Exploring Mahalanobis Distance For Outlier Detection

Introduction

Mahalanobis distance is a popular technique used to detect outliers in multivariate datasets. It measures the distance between a data point and a distribution, taking into account the correlations within the dataset. This property makes it well-suited for finding outlying data points in high-dimensional datasets where simple Euclidean distance can be misleading. In this blog, we will explain the concept of Mahalanobis distance and demonstrate its application in outlier detection using Python.

What is Mahalanobis Distance

Imagine you have a multivariate dataset with features that are correlated. Euclidean distance, the most commonly used distance metric, does not take into account the correlations between features. Mahalanobis distance, on the other hand, considers these correlations, providing more accurate measurements.
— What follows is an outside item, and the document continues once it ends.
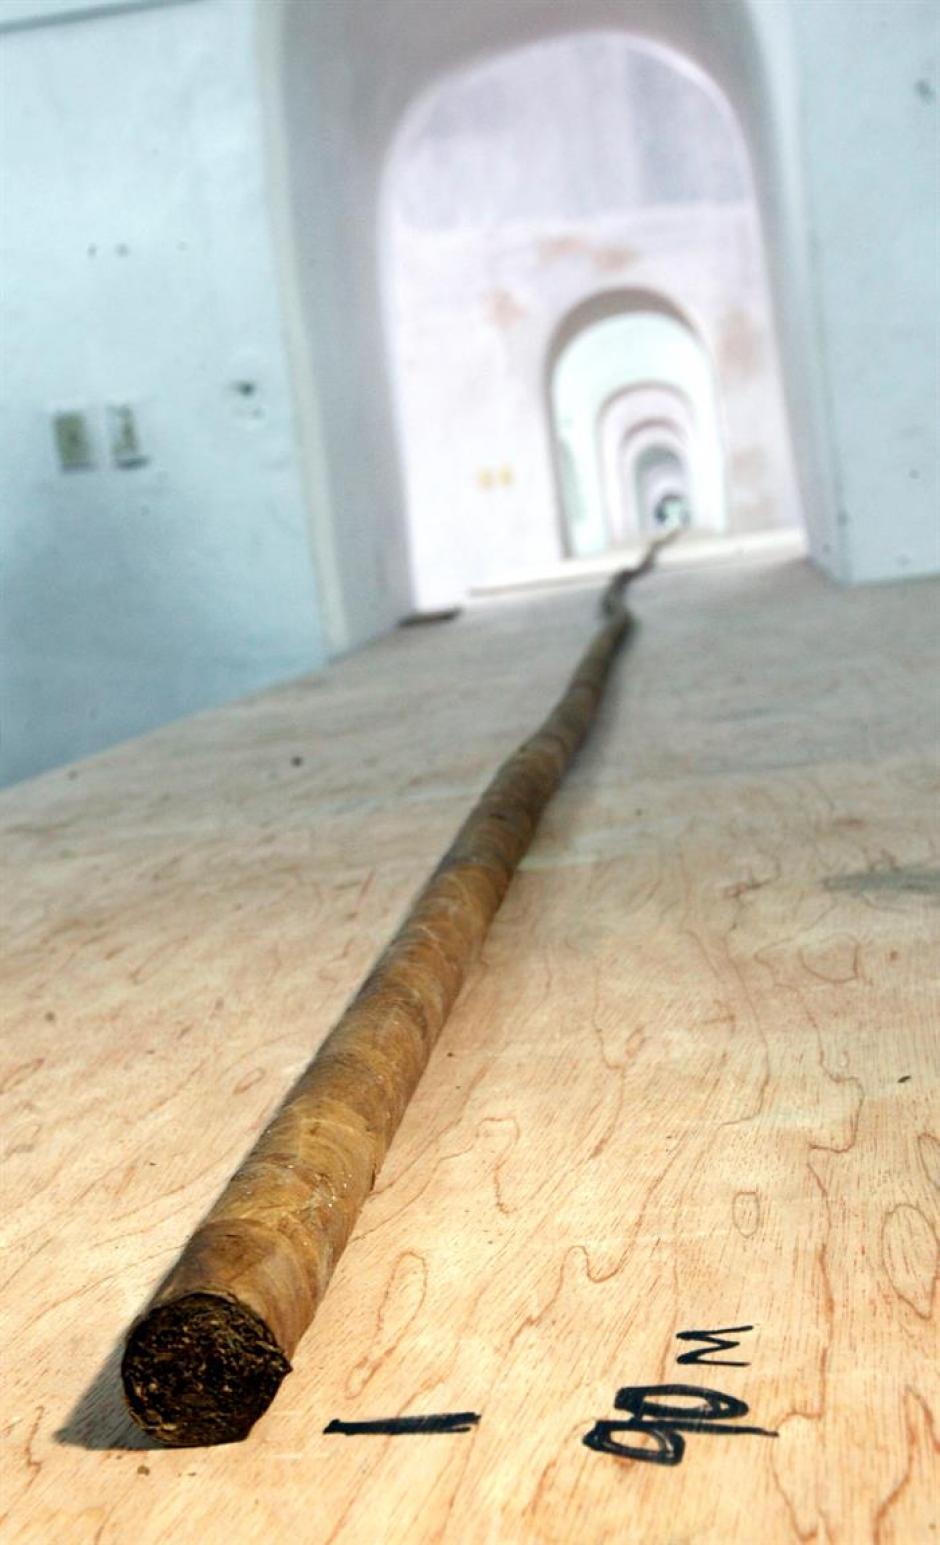 El puro mide un total de 90 metros de largo, el mismo número de la edad a la que llega el líder de la Revolución cubana. (Foto: EFE)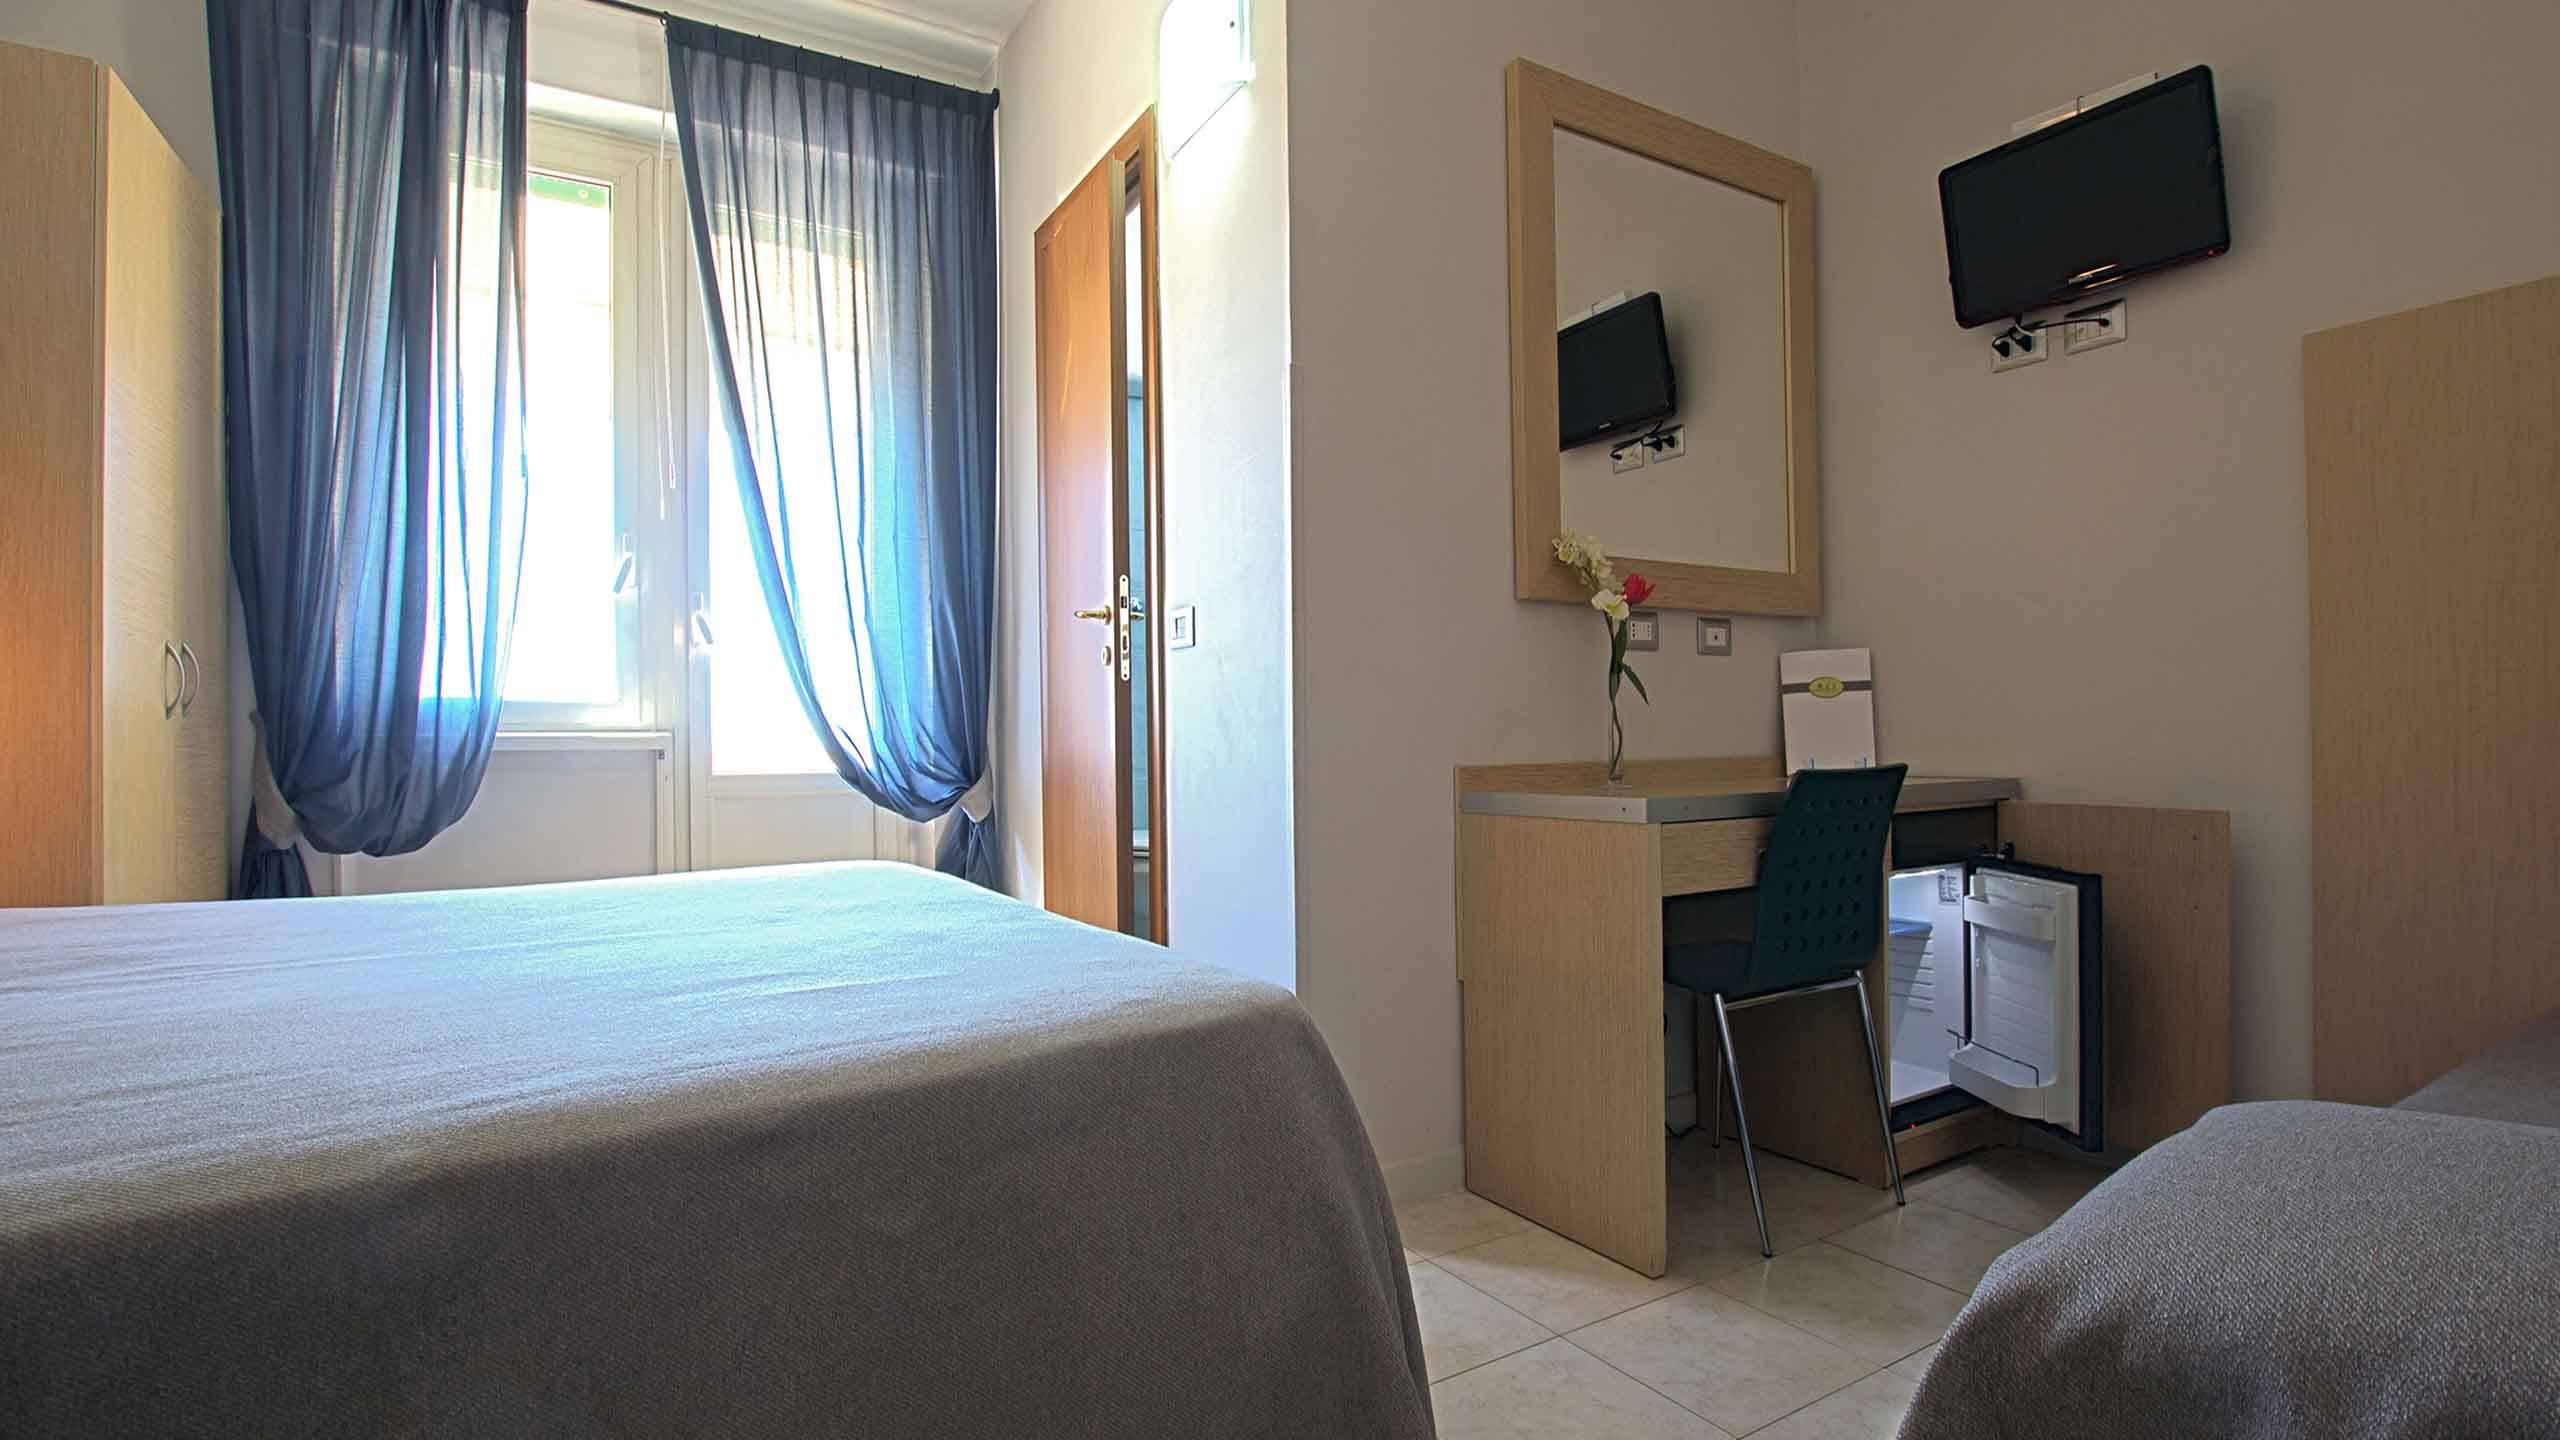 Hotel-La-Scaletta-Ostia-Camera-Tripla-Con-Vista-5

The formula for calculating Mahalanobis distance for a point X from a distribution with mean μ and covariance matrix Σ is:

D2 = (X - μ)Σ-1(X - μ)T

where T denotes the transpose operation.

Outlier Detection using Mahalanobis Distance

To demonstrate the utility of Mahalanobis distance in outlier detection, we'll use a sample dataset and the following algorithm:

Calculate the mean and covariance matrix of the dataset.
Compute Mahalanobis distance for each data point.
Determine a threshold for detecting outliers.
Flag data points with Mahalanobis distance greater than the threshold as outliers.

Implementation using Python

We will use the numpy and scipy libraries to implement the above algorithm. Let's start by generating a synthetic dataset:

import numpy as np

# Create random data with correlation
np.random.seed(0)
mean = [0, 0]
cov = [[1, 0.5], [0.5, 1]]
data = np.random.multivariate_normal(mean, cov, 100)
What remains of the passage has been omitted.